# Which nubian doeling has better conformation?



## MapleKnoll (Nov 4, 2014)

Thanks!


----------



## ksalvagno (Oct 6, 2009)

The first one seems to have a longer body.


----------



## Goat_in_Himmel (Jun 24, 2013)

The first one seems to have less brisket, but more nose. How long before a Nubian's Roman nose develops? The second one has a dished nose. Also, is it the angle, or does she have monkey mouth?


----------



## NewbieNubian (Nov 7, 2011)

Nubians should be born roman-nosed, not develop it. It's hard to judge the head on the second one due to how she's holding it, but I like the ears on the first one more. First one has less brisket, but seems to have more length and depth to her.


----------



## Cedar Point Kikos (Oct 16, 2013)

I'd say #1 has the best body, good length, depth and topline and rump length/angle. Smooth and balanced. Nice neck.

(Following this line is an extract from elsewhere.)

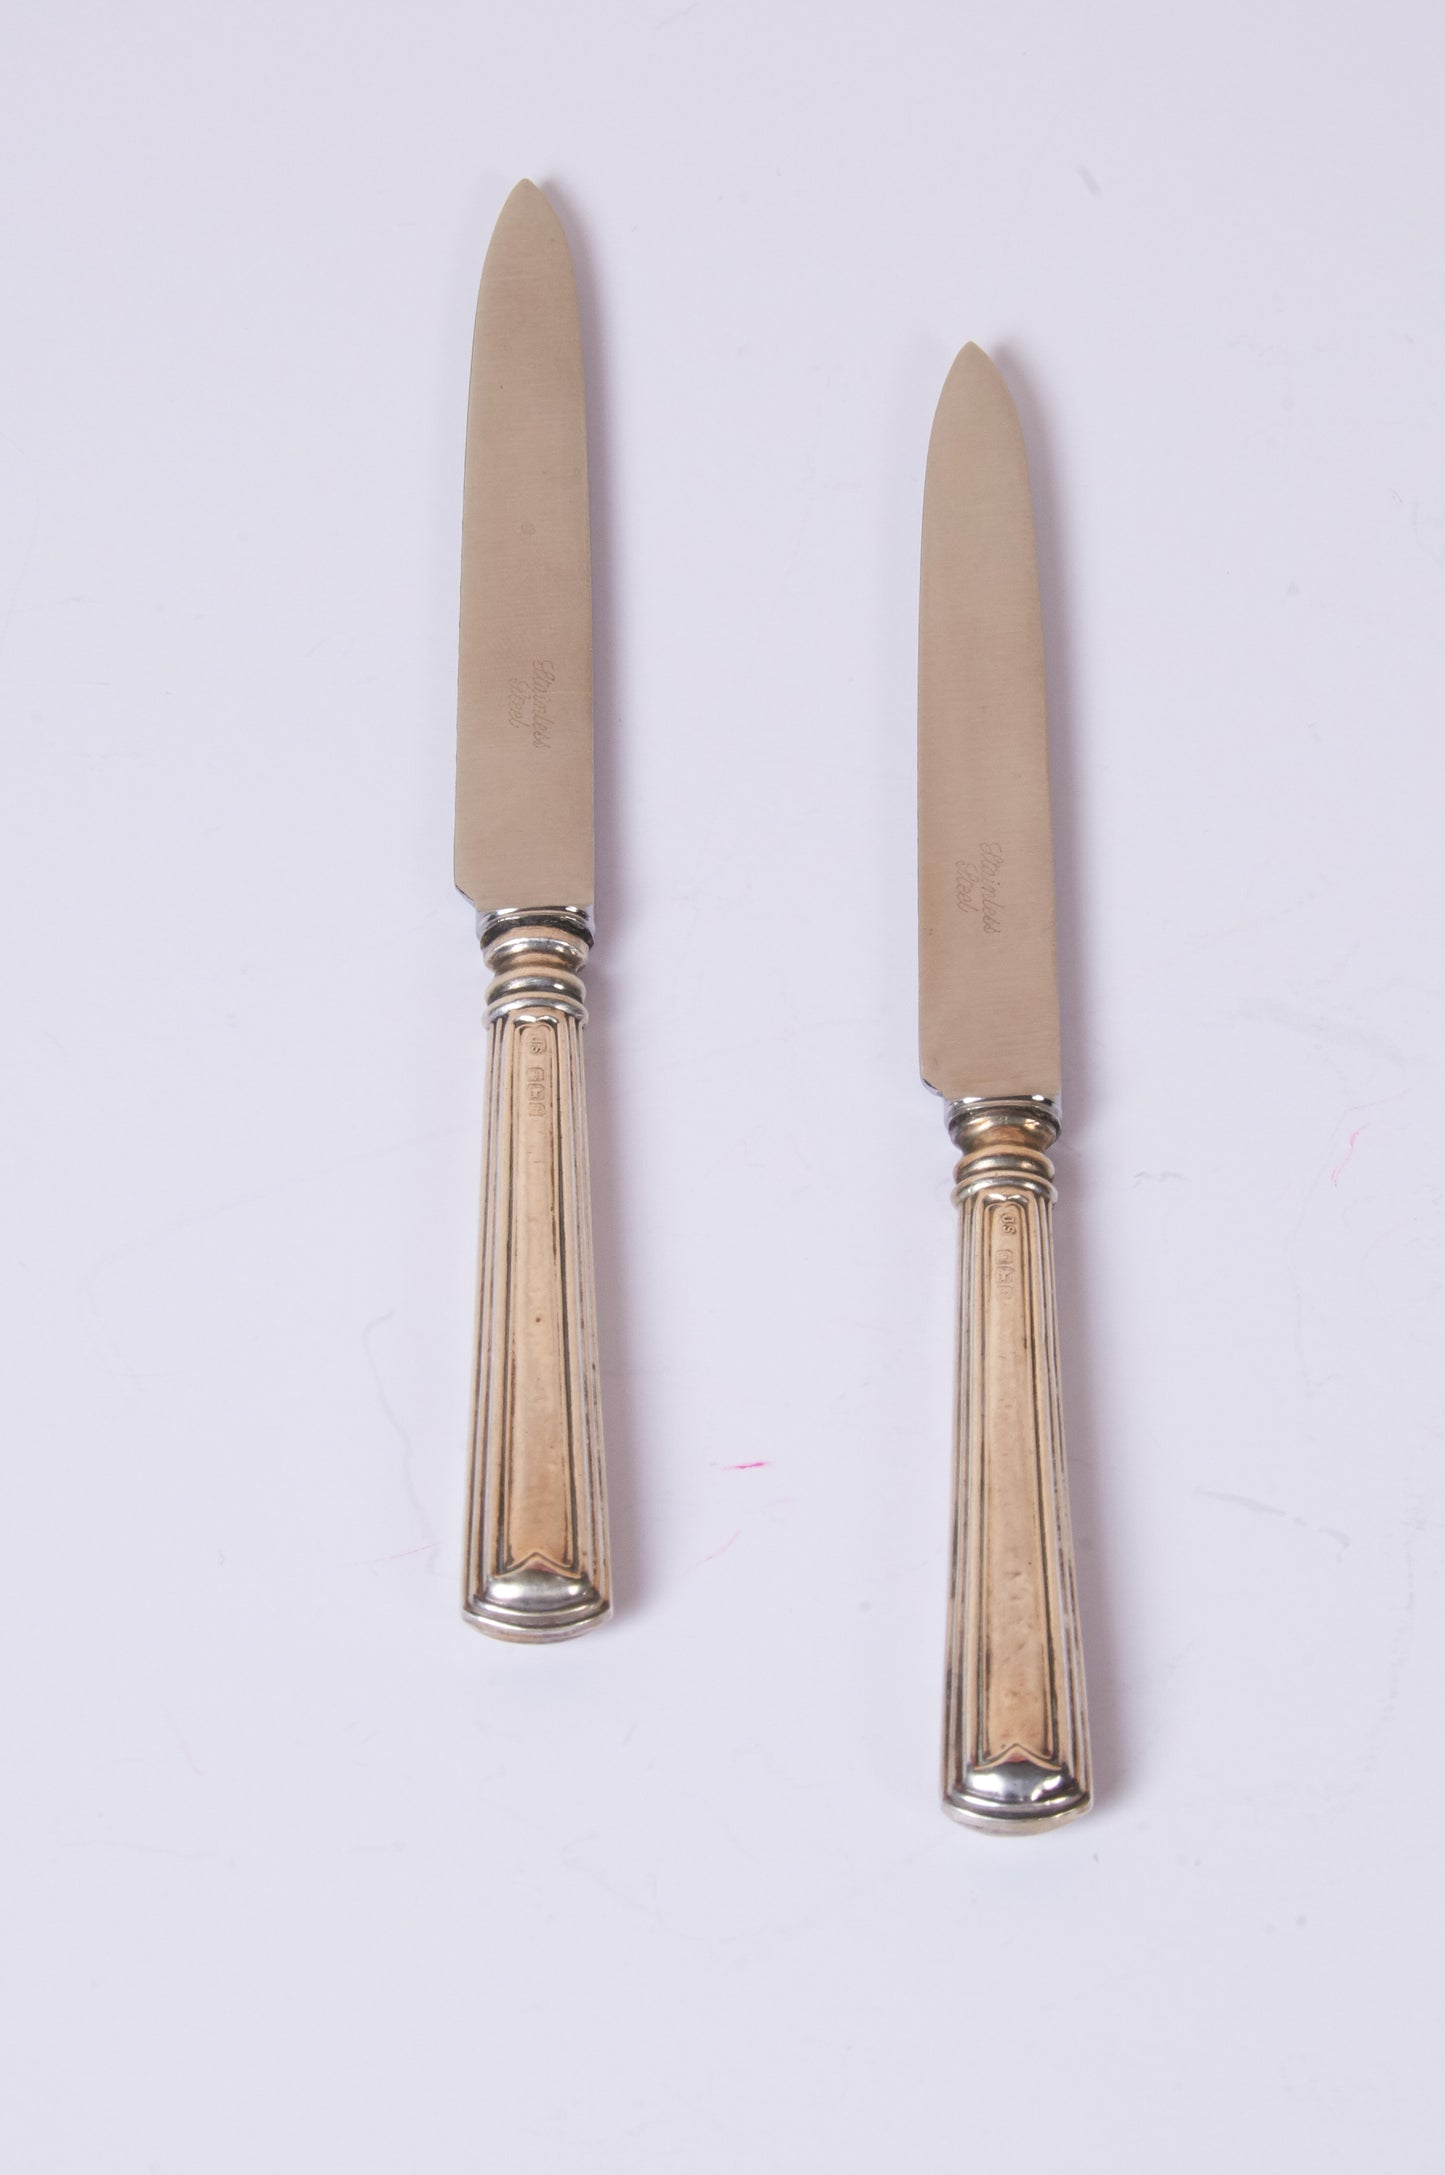 The Headhunter Avery - Deco Sterling silver handle fruit / cake knife

But she lacks brisket.

#2 has a nice neck (but so does #1) ok body. She dips in her chine a lot more then #1 and #3. Her face isn't as nice. Lacks depth in heart girth. But she has brisket.

#3 Short bodied, short rump. Ok brisket, fairly good body depth. Nice neck.


I think #1 is the best overall, even though she lacks brisket badly.


----------



## CountyLineAcres (Jan 22, 2014)

Cedar Point Kikos said:


> I'd say #1 has the best body, good length, depth and topline and rump length/angle. Smooth and balanced. Nice neck. But she lacks brisket.
> 
> #2 has a nice neck (but so does #1) ok body. She dips in her chine a lot more then #1 and #3. Her face isn't as nice. Lacks depth in heart girth. But she has brisket.
> 
> ...


The second and third picture are of the same doe.


----------



## Cedar Point Kikos (Oct 16, 2013)

CountyLineAcres said:


> The second and third picture are of the same doe.


:laugh: oops 

...first doeling is still the best


----------



## CountyLineAcres (Jan 22, 2014)

Haha I agree!


----------